# Tuning a Typewriter

A Markovian adventure in optimizing historical typewriter layouts

#### Tuesday, November 20, 2018 · 3 min read

I recently read this Atlantic piece on input methods for computers, and it reminded me of a mathematical adventure I had this summer that I should have blogged about at the time.

Back in July, I was exploring the City Museum of New York when I came across this lovely Crown typewriter from the late 1800s. By our modern standards, it uses a rather clunky input mechanism: you manually shift the pointer to the character you want to type, press the button, rinse, repeat.

“What a waste of time,” you say. Ah, but even in the late 19th centure time was the essential ingredient, and in the modern world there was no time. Notice, then, that the designers of the Crown typewriter did not place the letters in alphabetical order.
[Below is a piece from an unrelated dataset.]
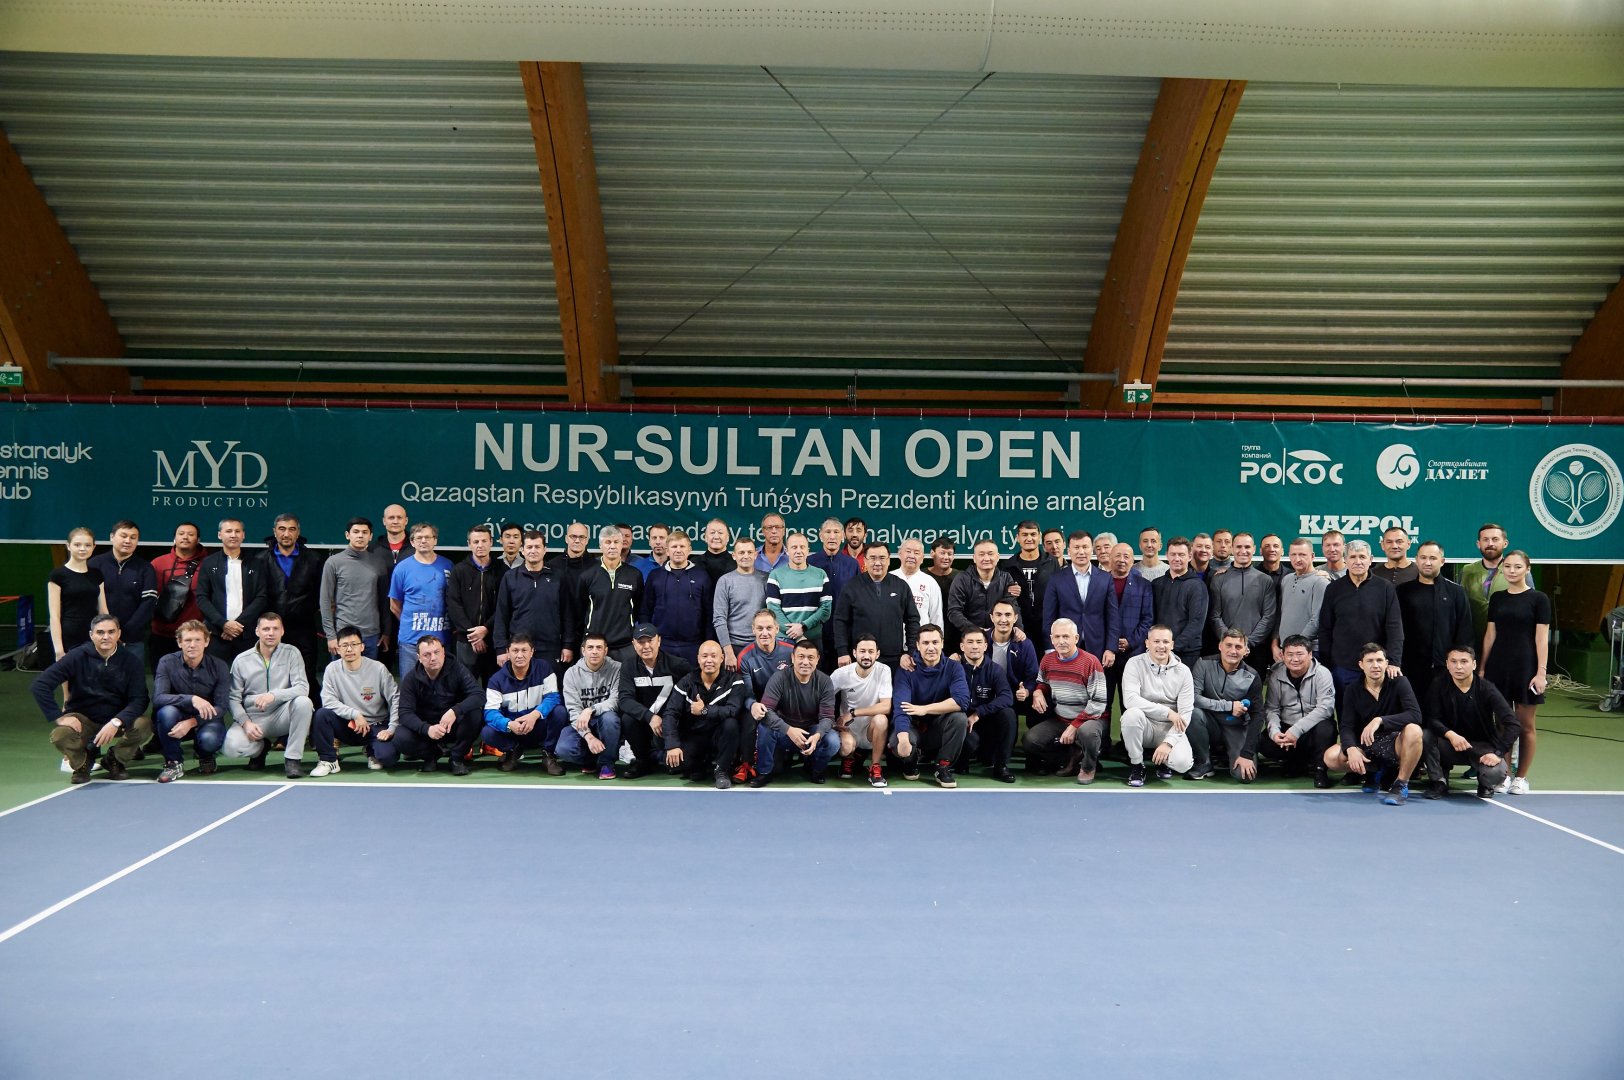 Стартовал международный турнир по теннису среди любителей Nur-Sultan Open - новости тенниса | Tengrinews

Instead, the they placed commonly-together letters near each other. You can type “AND” and “THE” rather quickly with just 2 shifts apiece; “GIG,” on the other hand, takes 15 shifts from the G to the I, and 15 shifts back to the G.
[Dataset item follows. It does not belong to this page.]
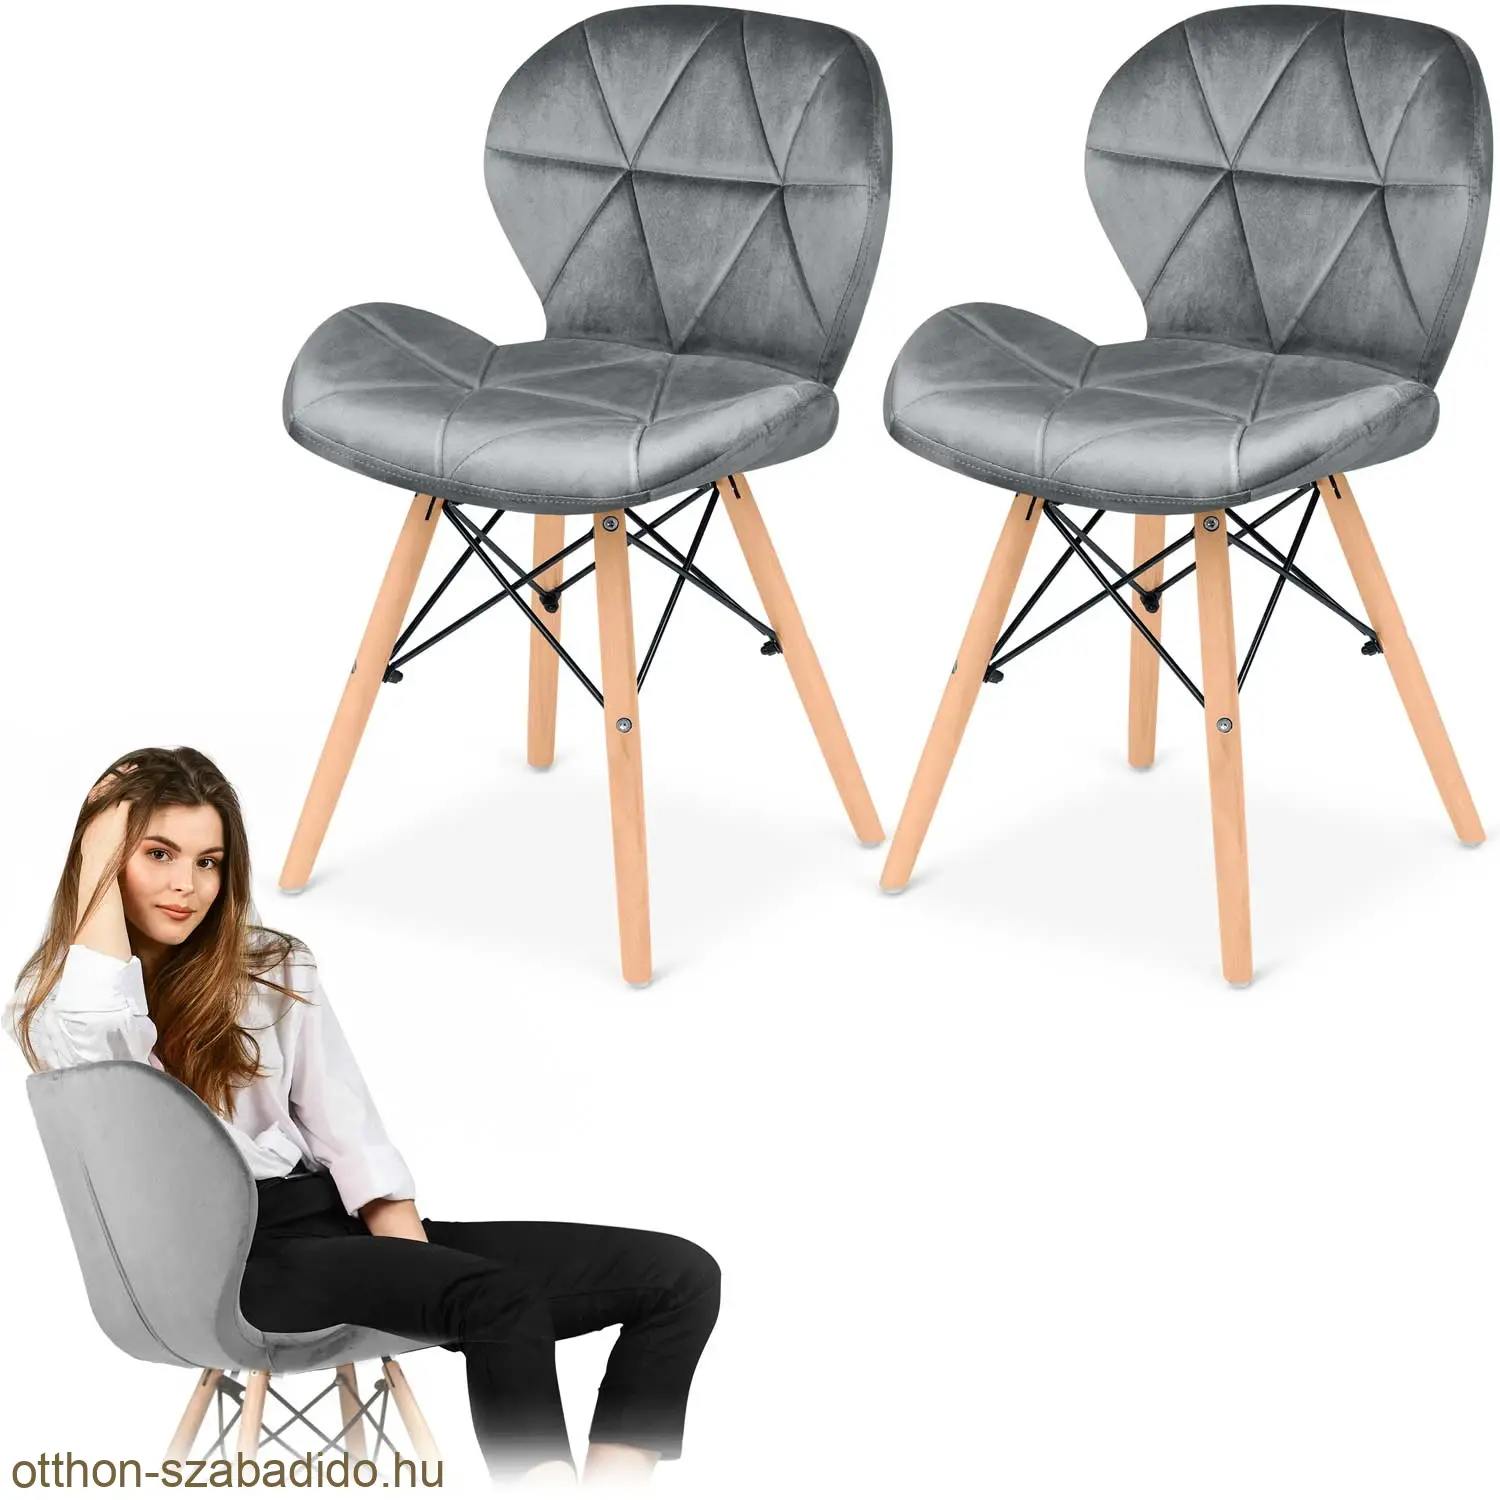 SOFOTEL modern skandináv stílusú szék, velúr, Sigma - szürke 2 db
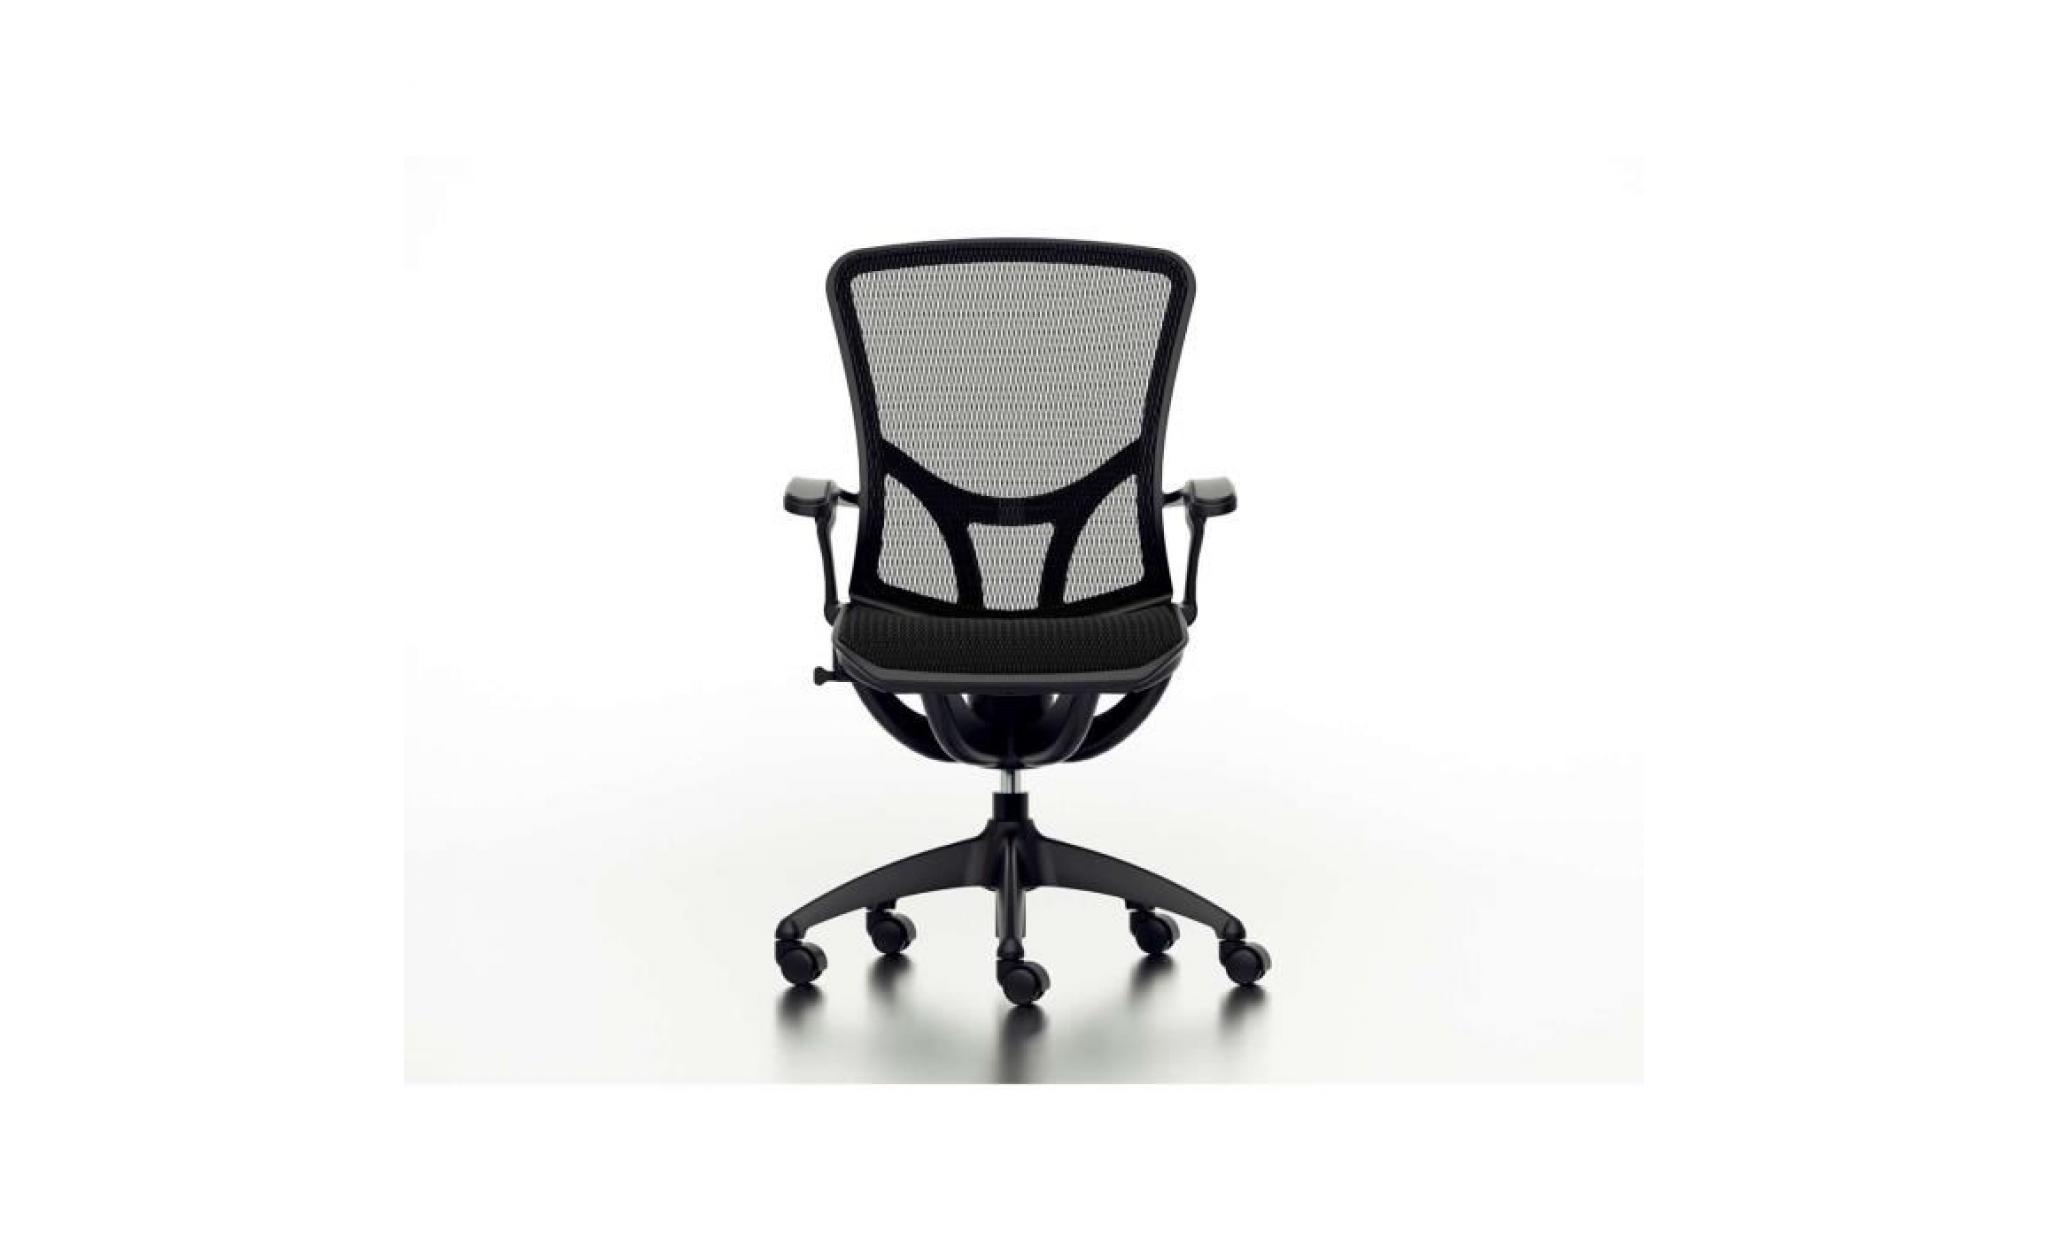 livinxs® fauteuil de bureau  officeline malmö , colori noir (66337) pas cher

The question, then, begs to be asked: is this the *most efficient* permutation
of letters? For example, Q and U are on opposite ends of the typewriter; surely
it would be better to put them together?

I have a doubly disappointing answer to this question: first, this is *not* the
most efficient permutation of letters (based on my digraph frequency map), but
I also don’t *know* what the most efficient permutation is! That is, I’ve found
permutations that are more efficient, but cannot prove that they are optimal
— after all, exploring all 26-factorial permutations is not an option.

My “cost” metric here is defined as “Ignoring non-alphabetic characters, how
many shifts does it take to type all of *Pride and Prejudice* followed by all
of *The Time Traveller* followed by all of *The Adventures of Sherlock
Holmes*?” (All three are classic 19th-century novels available from Project
Gutenberg.)

By this metric, the naive alphabetical order (`ABCDEFGHIJKLMNOPQRSTUVWXYZ`

)
requires a whopping 9,630,941 shifts. In comparison, the Crown Typewriter
(`XQKGBPMCOFLANDTHERISUWYJVZ`

) requires only 6,283,692 shifts. But the
ComfortablyNumbered typewriter (`ZKVGWCDNIAHTESROLUMFYBPXJQ`

) requires a mere
5,499,341 shifts. This means we can save nearly one in eight shifts from the
Crown typewriter!

I found this permutation with the following algorithm: start with a random permutation, then “optimize” it by repeatedly swapping characters such that the post-swap permutation has a lower cost than the pre-swap permutation. Continue “optimizing” until no further swaps can be made. Now, do this procedure for a large number of random starting permutations, and pick the lowest-cost optimized permutation.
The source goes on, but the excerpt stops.